Outside of "line at a time" i/o (a rarely used mode where an entire line is edited locally and then sent to the host), most of what users see is as interactive is controlled by the program you are interacting with. The terminal just takes commands from the host and does what it is told. BTW, line at a time mode isn't used that much. The only thing I use that uses line at a time mode is telenet in LINEMODE.
> Navigating history is so-so
Yes, that is because the program you are likely interacting with where history is relevant implements it's own repl or command line (i.e. bash, zsh, python, etc...) and it is responsible for it's own history and may implement it completely differently than say, bash or zsh.
> Why are terminals always stuck in the 70s? Can I get a modern terminal?
We do have a modern terminal: the web browser... and it's pretty nice.
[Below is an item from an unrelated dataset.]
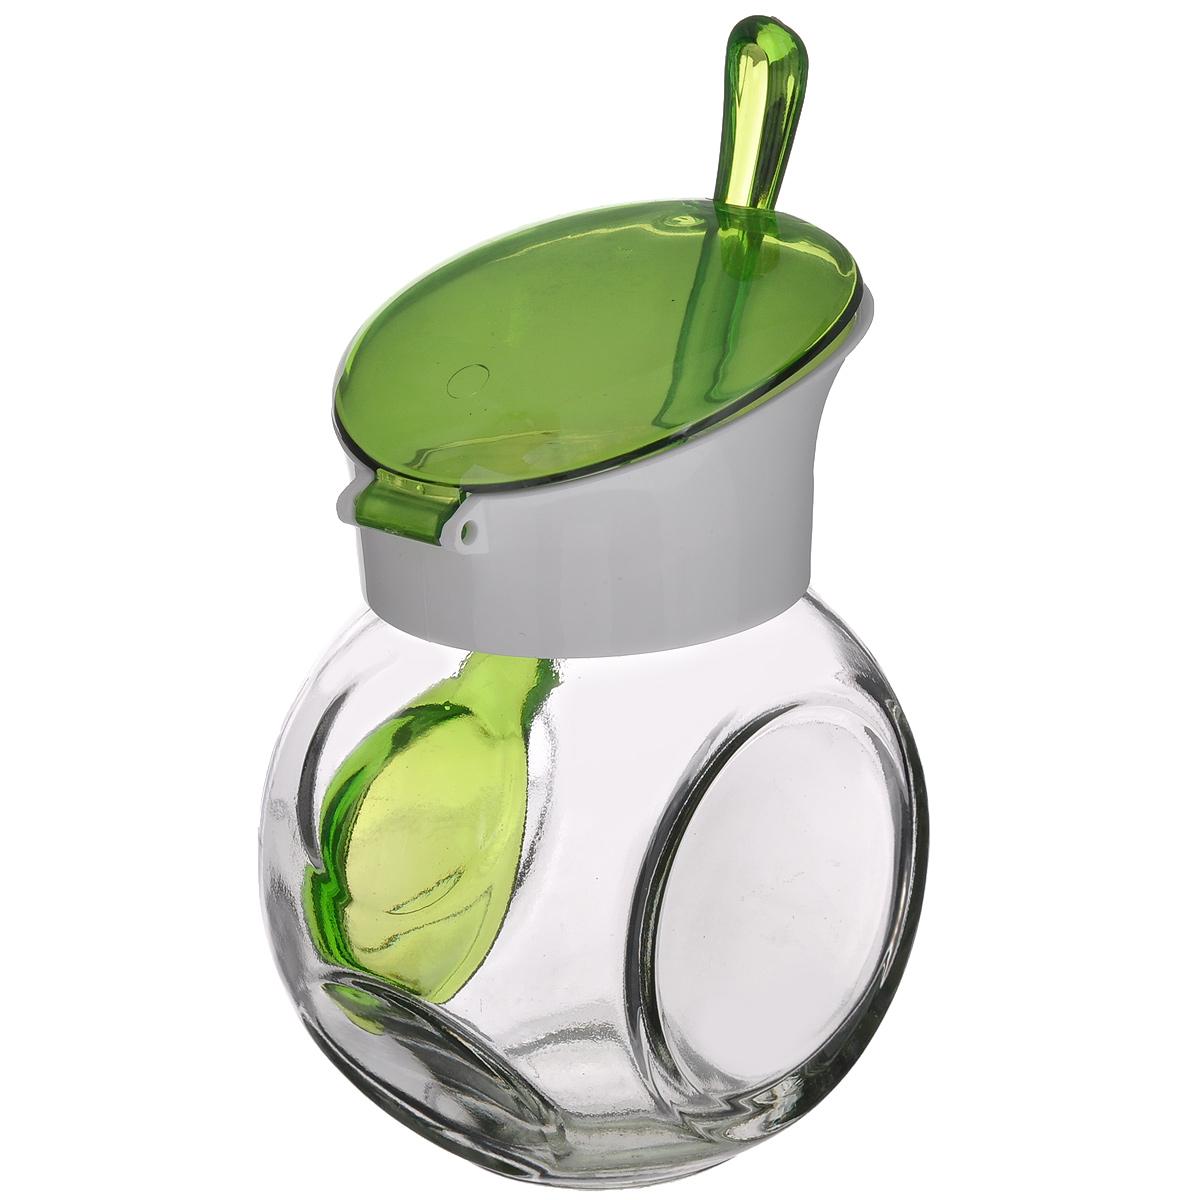 Емкость для соуса Herevin, с ложкой, цвет: зеленый, белый, 225 мл131004-000_зеленый, белыйЕмкость для соуса Herevin изготовлена из прочного стекла. Банка оснащена пластиковой откидной крышкой и ложкой. Изделие предназначено для хранения различных соусов. Функциональная и вместительная, такая банка станет незаменимым аксессуаром на любой кухне. Можно мыть в посудомоечной машине. Пластиковые части рекомендуется мыть вручную.Диаметр (по верхнему краю): 4,5 см.Высота банки (без учета крышки): 8 см.Длина ложки: 13 см.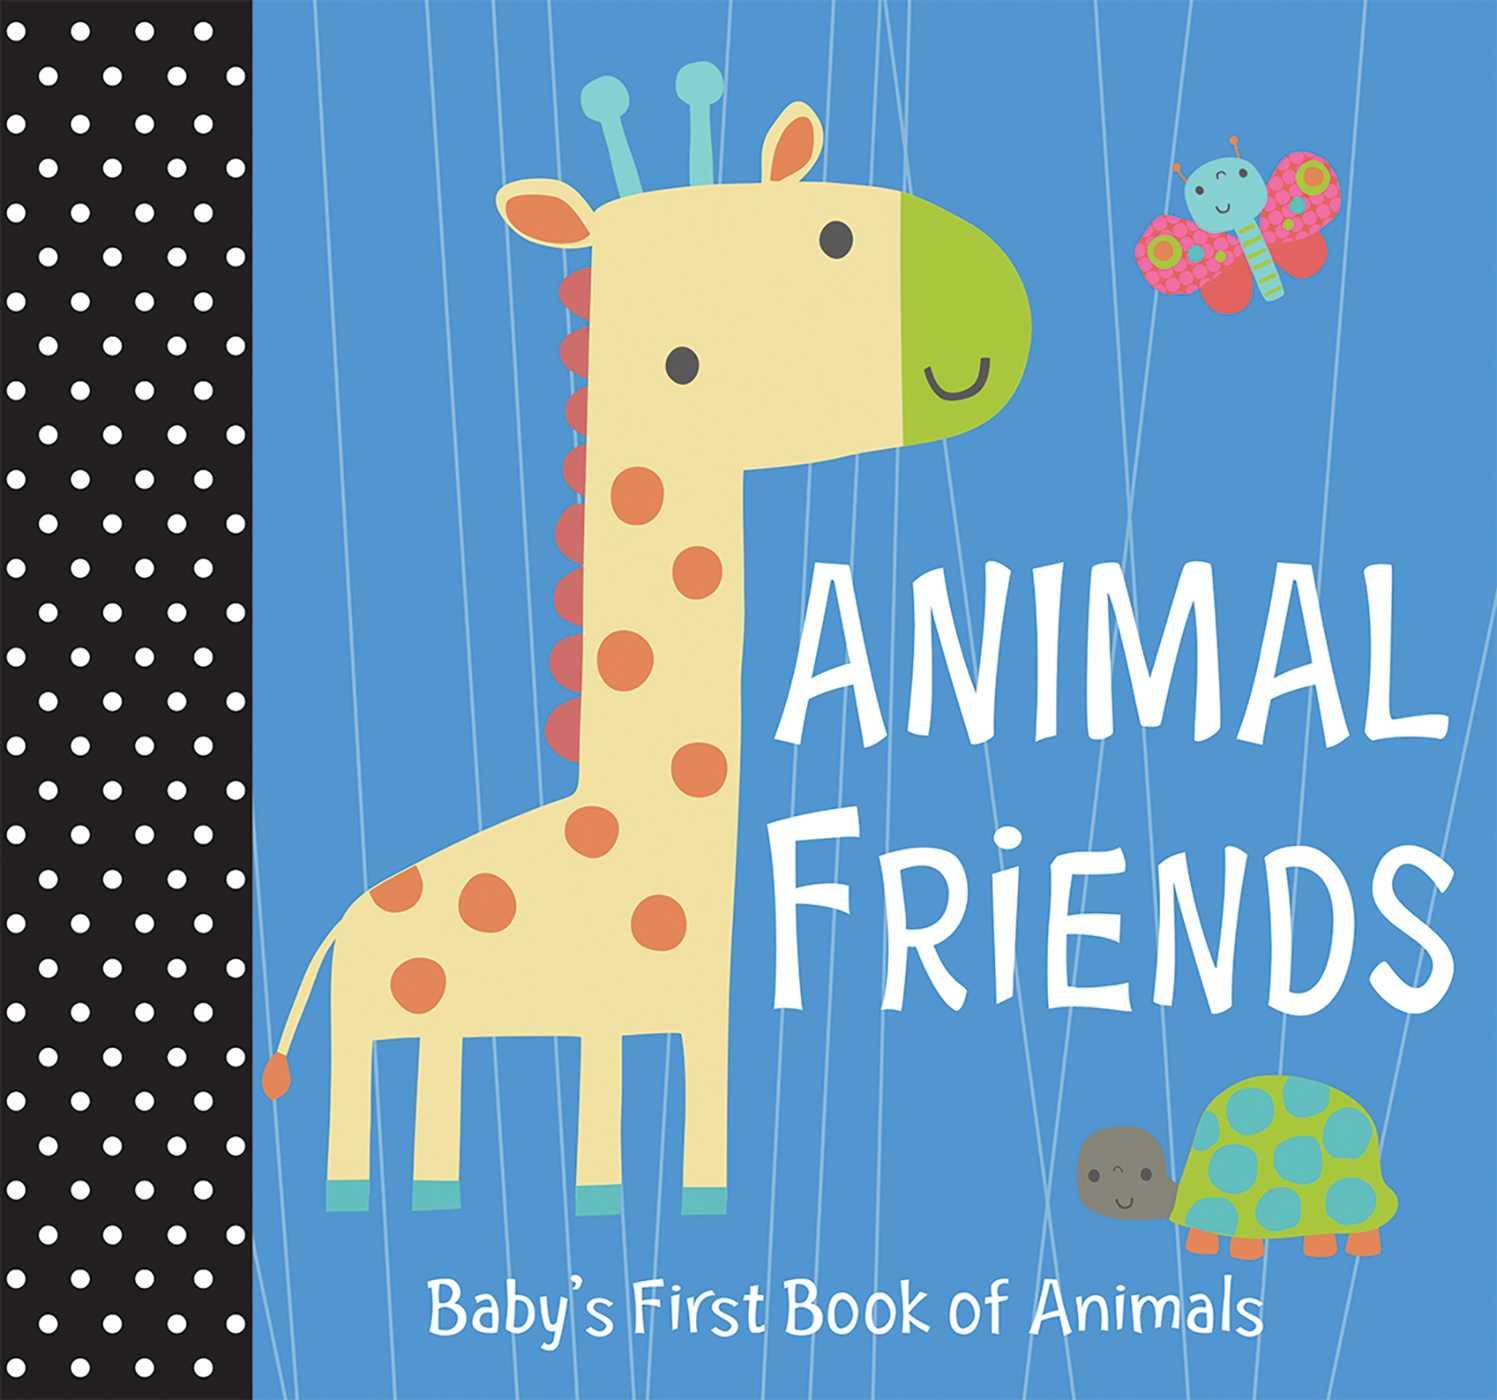 Animal friends 9781684121854 hr

There have been a ton of tries at more modern terminals, but ultimately, they end up really being limited by the software running in the terminal session. In the 90s we had a ton of commercial terminal emulators that would allow you to create full guis, complete with dialogs and forms. In the 00's there were a few tries at terminals that would allow html output and embedding of html forms for input (can't remember the names of them). I suppose there's also the whole X11 thing... which is so good enough that it's really hard to kill.
Let's get back to character mode:
A lot of interactive terminal software is built using different libraries - so sometimes you get a terminal gui based on ncurses, terminal.gui, or something else... here's a list: https://github.com/rothgar/awesome-tuis#libraries. Most of these libraries try to use most of the features in your terminal emulator, but often, just use stuff that is in everything.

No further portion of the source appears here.